Example: √3 × 2 = 2√3, √3 × 0 = 0
Question 4.
Find the remainders obtained when each of the following numbers are divided by
(i) 10, (ii) 5, (iii) 2.
78, 99, 173, 572, 980, 1111,2345
Solution:
(i) We know that a number is divisible by 10 if and only if its last digit is 0.
For 78, the last digit is 8.
Therefore, when 78 is divided by 10, the remainder is 8. For 99, the last digit is 9. Therefore, when 99 is divided by 10, the remainder is 9.
For 173, the last digit is 3. Therefore, when 173 is divided by 10, the remainder is 3.
For 572, the last digit is 2. Therefore, when 572 is divided by 10, the remainder is 2.
For 980, the last digit is 0. Therefore, remainder is 0. For 1111, the last digit is 1. Therefore, the remainder is 1.
For 2345, the last digit is 5. Therefore, the remainder is 5.
(ii) We know that a number is divisible by 5 if it either ends with a ‘0’ or a ‘5’.
For 78, the last digit is 8. When 8 is divided by 5, the remainder is 3.
For 99, the last digits 9. When 9 is divided by 5, the remainder is 4.
For 173, the last digit is 3. When 3 is divided by 5, the remainder is 3. [∵ 3 < 5]
For 572, the last digit is 2. When 2 is divided by 5 the remainder is 2. [∵ 2 < 5]
For 980, the last digit is 0. Therefore, it is divisible by 5 and the remainder is 0.
For 1111, the last digit is 1. Therefore, when 1111 is divided by 5, the remainder is 1. [∵ 1 < 5]
For 2345, the last digit is 5. Therefore, it is divisible by 5 and the remainder is 0.
(iii) We know that a number is divisible by 2 if it ends with 0, 2, 4, 6 or 8.
For 78, the last digit is 8. Therefore it is divisible by 2 and the remainder is 0.
For 99, the last digit is 9. Therefore, when divided by 2, the remainder is 1.
For 173, the last digit is 3. Therefore, when divided by 2, the remainder is 1.
For 572, the last digit is 2. Therefore, when divided by 2, the remainder is 0.
For 980, the last digit is 0. Therefore, when divided by 2, the remainder is 0.
For 1111, the last digit is 1. Therefore, when divided by 2, the remainder is 1. [∵ 1 < 2]

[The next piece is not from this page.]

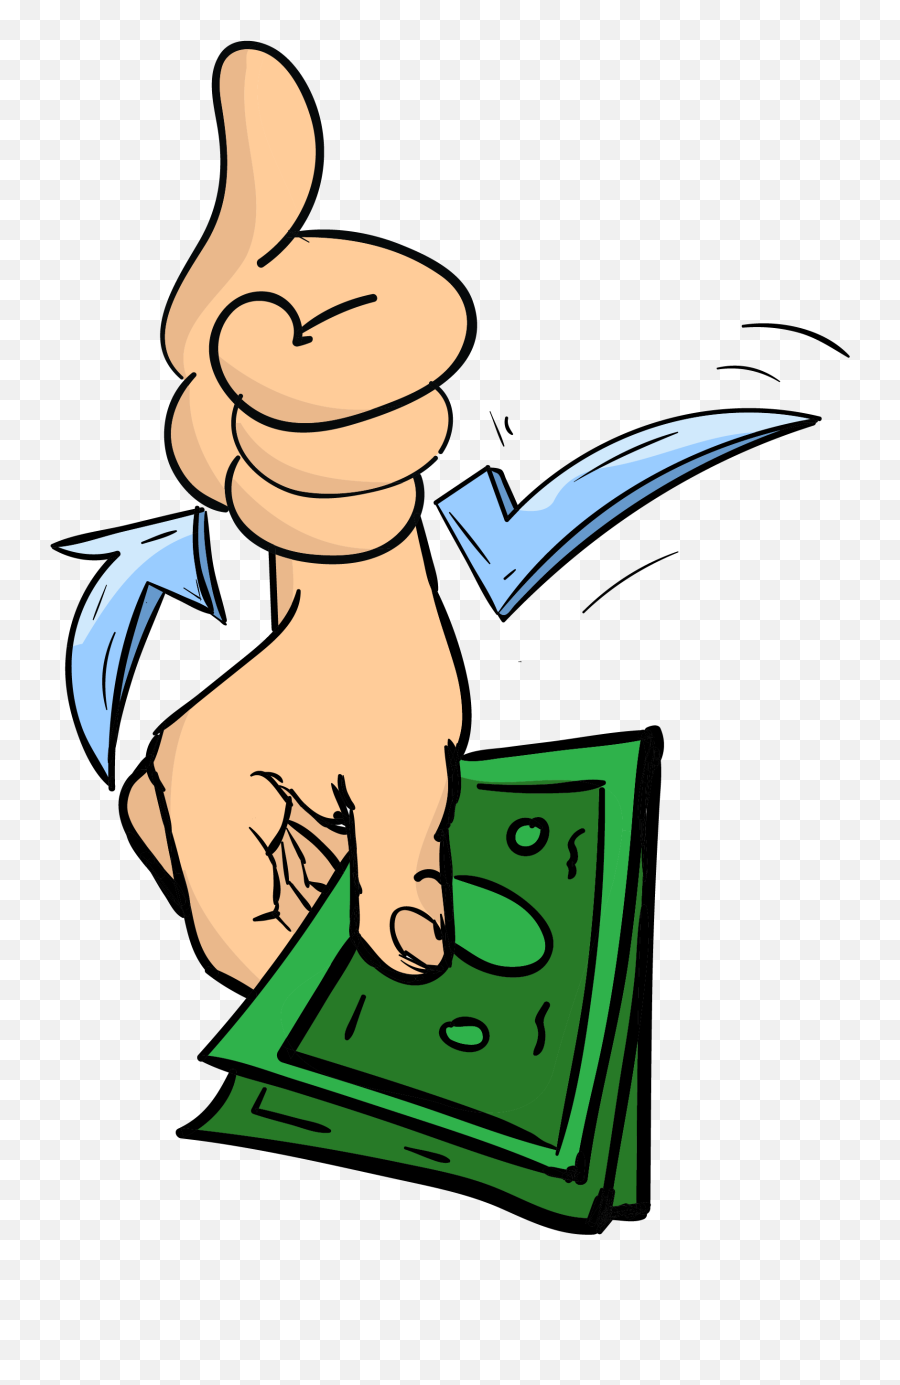 Clipart Of The Thumbs Up And Money - Peniaze Obrázky Png Emoji,Thumbs Up Transparent

For 2345, the last digit is 5. Therefore, when divided by 2, the remainder is 1.
Question 5.
The teacher asked if 14560 is divisible by all of 2, 4, 5, 8, and 10. Guna checked for divisibility of 14560 by only two of these numbers and then declared that it was also divisible by all of them. What could those two numbers be?
Solution:
If 14560 is divisible by 8 and 10, then it is also divisible by all the given numbers.
Only the last three digits matter when deciding if a given number is divisible by 8 as it is also divisible by 2 and 4.

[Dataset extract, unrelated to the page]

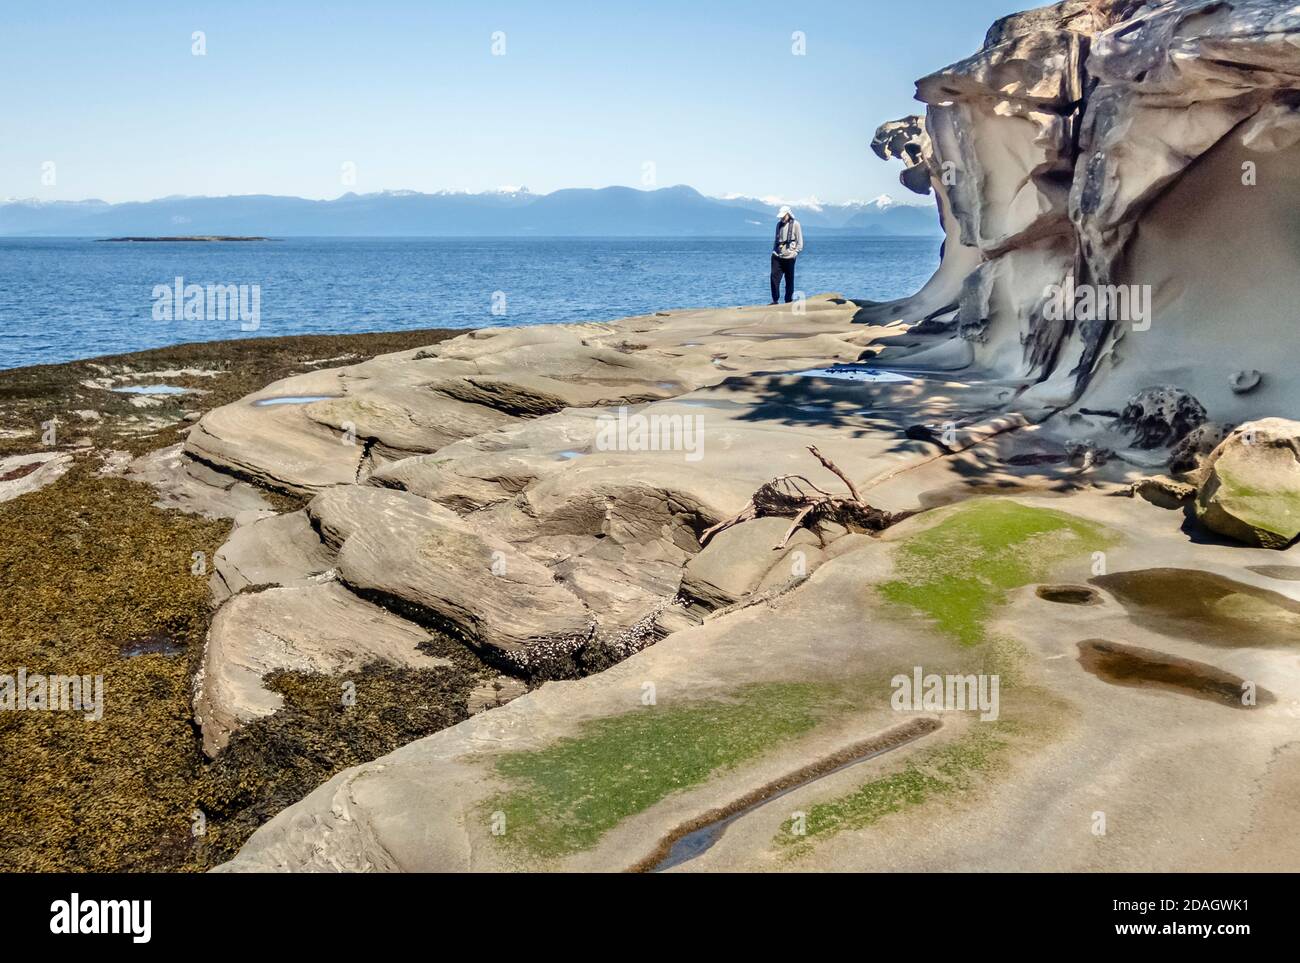 On a sunny day at low tide, a man walks on an eroded sandstone island shore, with the Strait of Georgia and BC's Coast Mountains in the background. Stock Photo

If the unit place is 0 it is divisible by 10 and 5.
Question 6.
Which of the following numbers are divisible by all of 2, 4, 5, 8 and 10: 572, 2352, 5600, 6000, 77622160?
Solution:
5600, 6000, 77622160
Question 7.
Write two numbers whose product is 10000. The two numbers should not have 0 as the unit digit.
Solution:
Prime factorisation of 10000 = 2 × 2 × 2 × 2 × 5 × 5 × 5 × 5.
So, the two numbers are 16 and 625 whose product is 10000.